Tony Stewart and Greg Zipadelli have spent their entire Cup careers together, making the decision to go their separate ways for 2009 especially agonizing.

With that in mind, it had to be the toughest decision of Zipadelli’s career to leave Stewart behind when his driver did decide JGR was no longer for him. If Zippy left, no one would have faulted him for taking the plunge – it’s similar to how Tony Eury, Jr. stayed by his cousin’s side in the move from DEI to Hendrick Motorsports. But in the end, loyalty to Gibbs proved just as deep for Zipadelli as his personal friendship with Stewart.

“Over 10 years ago, they gave me an opportunity to start something that most people in this world only dream of,” he said. “They hired a driver and asked me to come in and start [the No. 20 team.] They’ve stuck with me through the good, the bad. For me to leave and pursue something different than what I’m doing and where I’m doing it, it’s just not me.”

To stick with his head and not his heart – for Zipadelli loves the type of challenge Stewart is undertaking – had to be gut-wrenching. But in this era where it’s rare for one person to stay with one organization their whole career, you need to give Zipadelli credit for doing what he believed was right – and that one decision in itself could keep the No. 20 on course and Stewart with a bigger load on his plate for 2009 than he ever imagined.

Did You Notice? … That Ryan Newman’s decision to leave Penske Racing comes just one month after he said the team had to become more competitive in order for him to remain with them. OK, well since then, the car’s had three Top 15 finishes in four starts — with the lone exception a wreck at Daytona when Newman was running in the Top 10.

Whoops, Ryan! Looks like the team called your bluff a little bit. Man, I hate when drivers do this stuff … don’t lie to everyone and pretend you’ll stay if things improve. A college-educated man, Newman should know better; the wool hasn’t been pulled over anyone’s eyes, as he’s been linked to Stewart’s operation for weeks. I can understand the need to hide your true intentions – sponsors don’t like to hear their driver is leaving in June – but don’t pull your team’s chain on the way out the door. That just ain’t right.

Did You Notice? … The penalty for the No. 96 team removing weight before the race wasn’t exactly a penalty at all? OK, OK; I understand there’s confusion revolving around whether there should have been a penalty to begin with. ESPN.com’s David Newton reported the team had removed a water bag without an official present, a move which NASCAR thought was intended to lessen the amount of weight on the car. But subsequent follow-ups after the race seem to have proven the move was not intentional, with the bag simply placed in after post-race inspection to ensure driver J.J. Yeley’s water was cold enough to drink.
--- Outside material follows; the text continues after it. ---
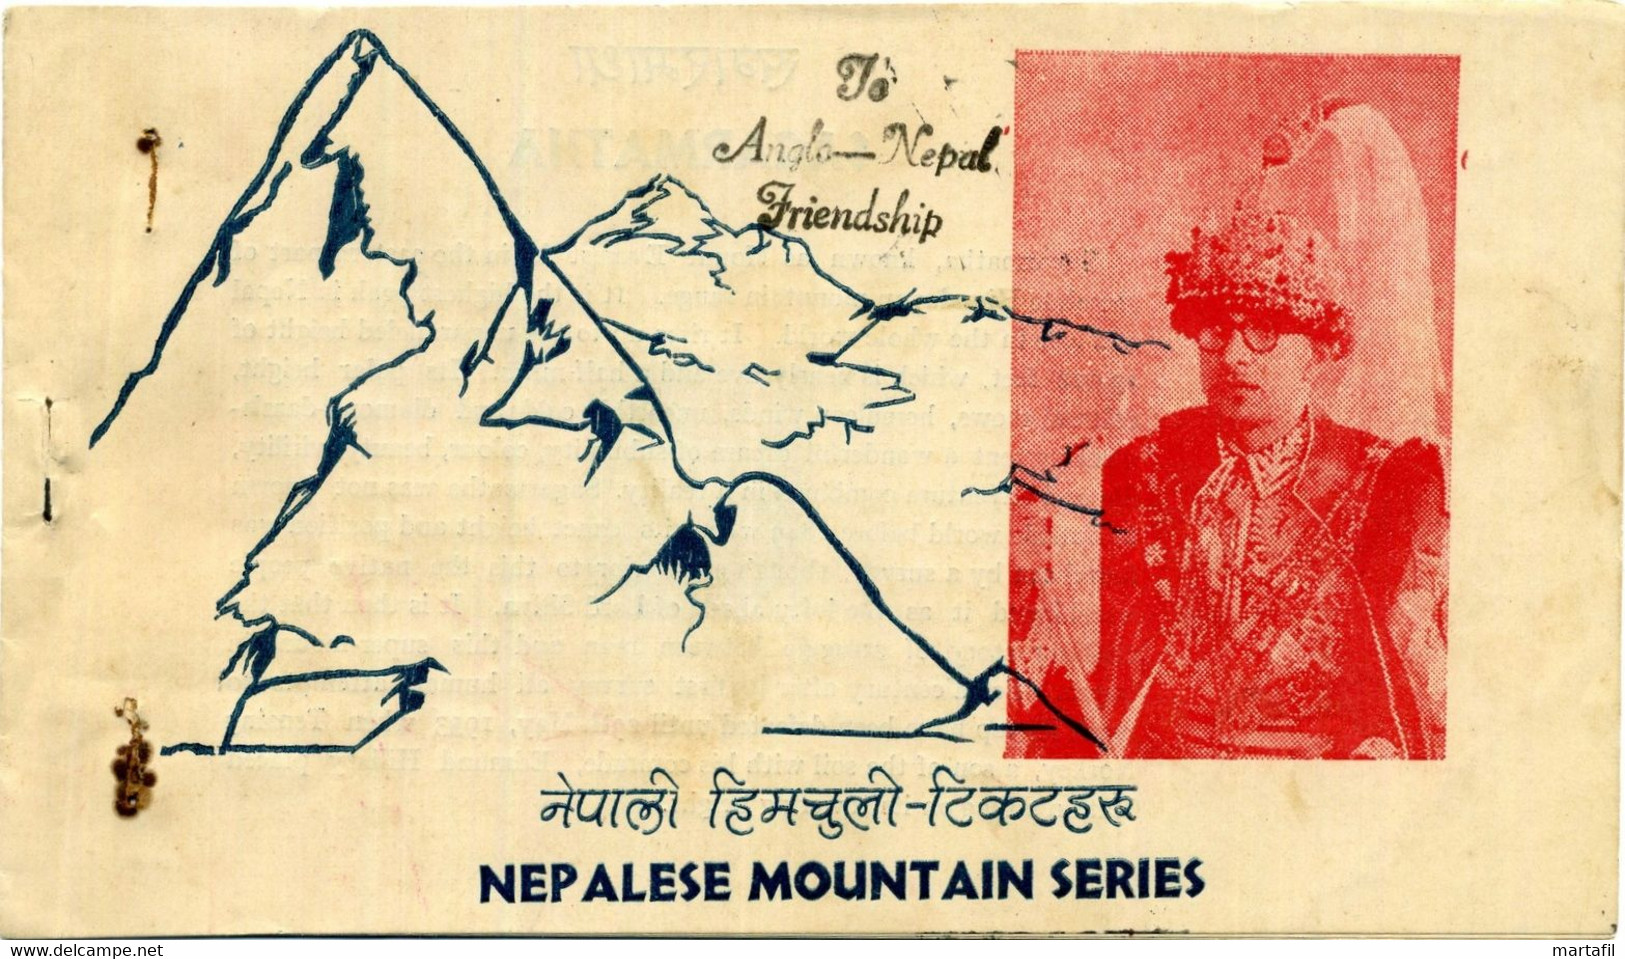 NEPAL Booklet "Nepalese Mountain Series" Anglo-Nepal Friendship (SAGARMATHA - MACHHAPUCHHRE - MANSALU) - Népal

The whole thing is enough to make your head spin, but here’s the most confusing part of all: if the sanctioning body was truly intent on penalizing the No. 96 for the infraction, why in the heck did they call for a pass through penalty and then give the car their lap right back??? Shortly after the team fell a lap down, the sanctioning body threw a competition caution on lap 37 to allow teams to check for tire wear — since most of practice and qualifying was rained out. That was far too early for anyone in the field to get lapped, which meant Yeley was the immediate beneficiary of the Lucky Dog to get back on the lead lap.

Call me crazy, but I’ll take that type of slap on the wrist anyday. “We’ll wag the finger at you now, J.J., but don’t worry – it’s only for 37 laps, and then you can get about right back where you started (Yeley began the race in 40th place).” Even if the penalty was unjustified, NASCAR didn’t appear to figure out the circumstances until the end of the race — so at the time, that penalty should have been far tougher. I mean, they were accused of removing freakin’ weight from the car! At the very least, Yeley should have been disallowed from getting the “Lucky Dog” pass and forced to get his lap back the hard way.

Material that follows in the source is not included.